Правда, новостей особых у меня не густо, и о себе самом могу лишь сказать словами летописи, мол, в лето такое-то от рождества Христова
"не бысть ничтоже". И Слава Богу! Уж пусть лучше "ничтоже", чем печали да горести! Тем более, что тех и других в жизни моей и без того хватает, но они, слава Всевышнему, в данный момент не мои личные, а за Россию-матушку, дорогой Александр Лазаревич, душа болит, и я печалюсь! Уж больно тревожат её российские телеканалы и пресса, с коими общаюсь регулярно.
Так прочел я неделю назад то ли в Комсомолке, то ли в Аргументах, то ли еще где, уж и не упомню после стакана шведской горькой, о том, как у нас в Совке водку палят. Мне аж дурно стало, когда читал, как разливают по бутылкам под видом водки жидкость для мытья стекол. А главное – авторы утверждают, что дорогая цена и престижные марки вовсе не спасают, и в принципе такую же отраву можно приобрести не за копейки в ларьке, а за астрономическую сумму в престижнейшем месте.

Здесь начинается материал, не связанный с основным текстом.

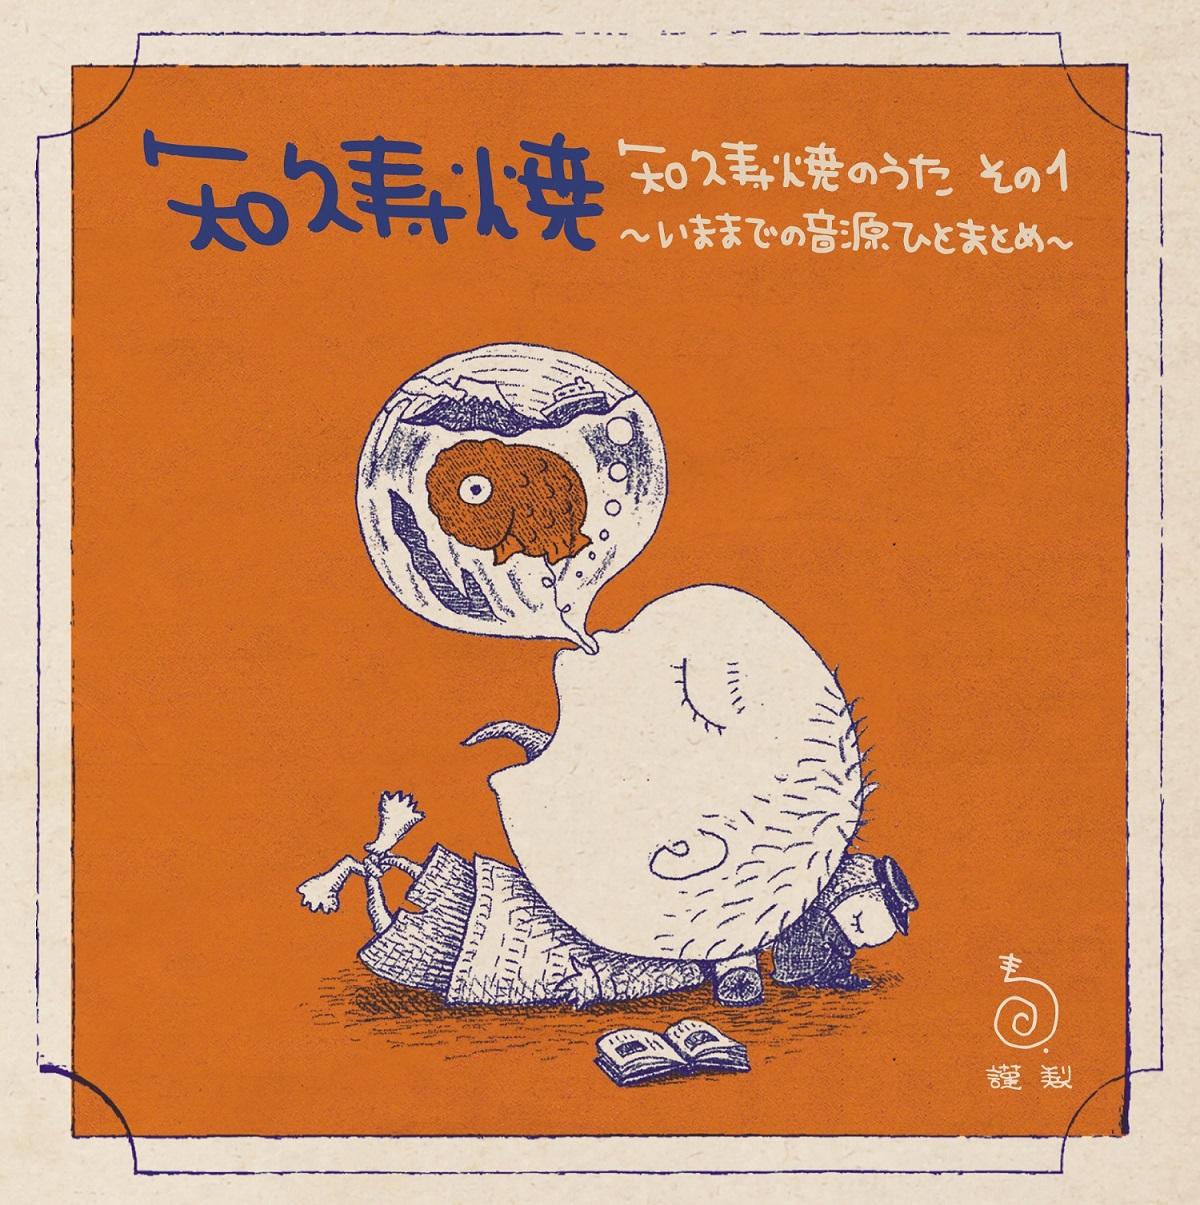 06-065 知久寿焼 – 知久寿焼のうた その1~いままでの音源ひとまとめ~

Так что просто умоляю, не пей ты больше ничего, из московских магазинов!
Написал сие, и вдруг вспомнил, как знающий человек рассказал мне, что, мол, оказывается, остался у нас на Родине один абсолютно подлинный и безопасный напиток. Посему спешу тебя обрадовать и сообщаю, что на сегодняшний день в России можно без страха за здоровье пить только лишь так называемую "Красную шапочку", продающуюся в аптеках спиртосодержащую жидкость, официально выпускаемую как средство от пота ног. Однако, её постоянный потребитель известный ленинградский литератор Юрий Хохлов заверил меня, что и от душевного пота тоже весьма сильное средство, хорошо прошибает. А, главное, он в последнем нашем телефонном разговоре убедительно доказал, что "шапочку" со стопроцентной гарантией пока еще не фальсифицируют. Почему – не знаю. Видимо, духовность с соборностью не позволяют, хоть что-то святое да осталось еще у народа нашего. Приятно сие сознавать. Вот за это святое и чистое и поднимаю сейчас мой русский граненый стакан с Абсолютом.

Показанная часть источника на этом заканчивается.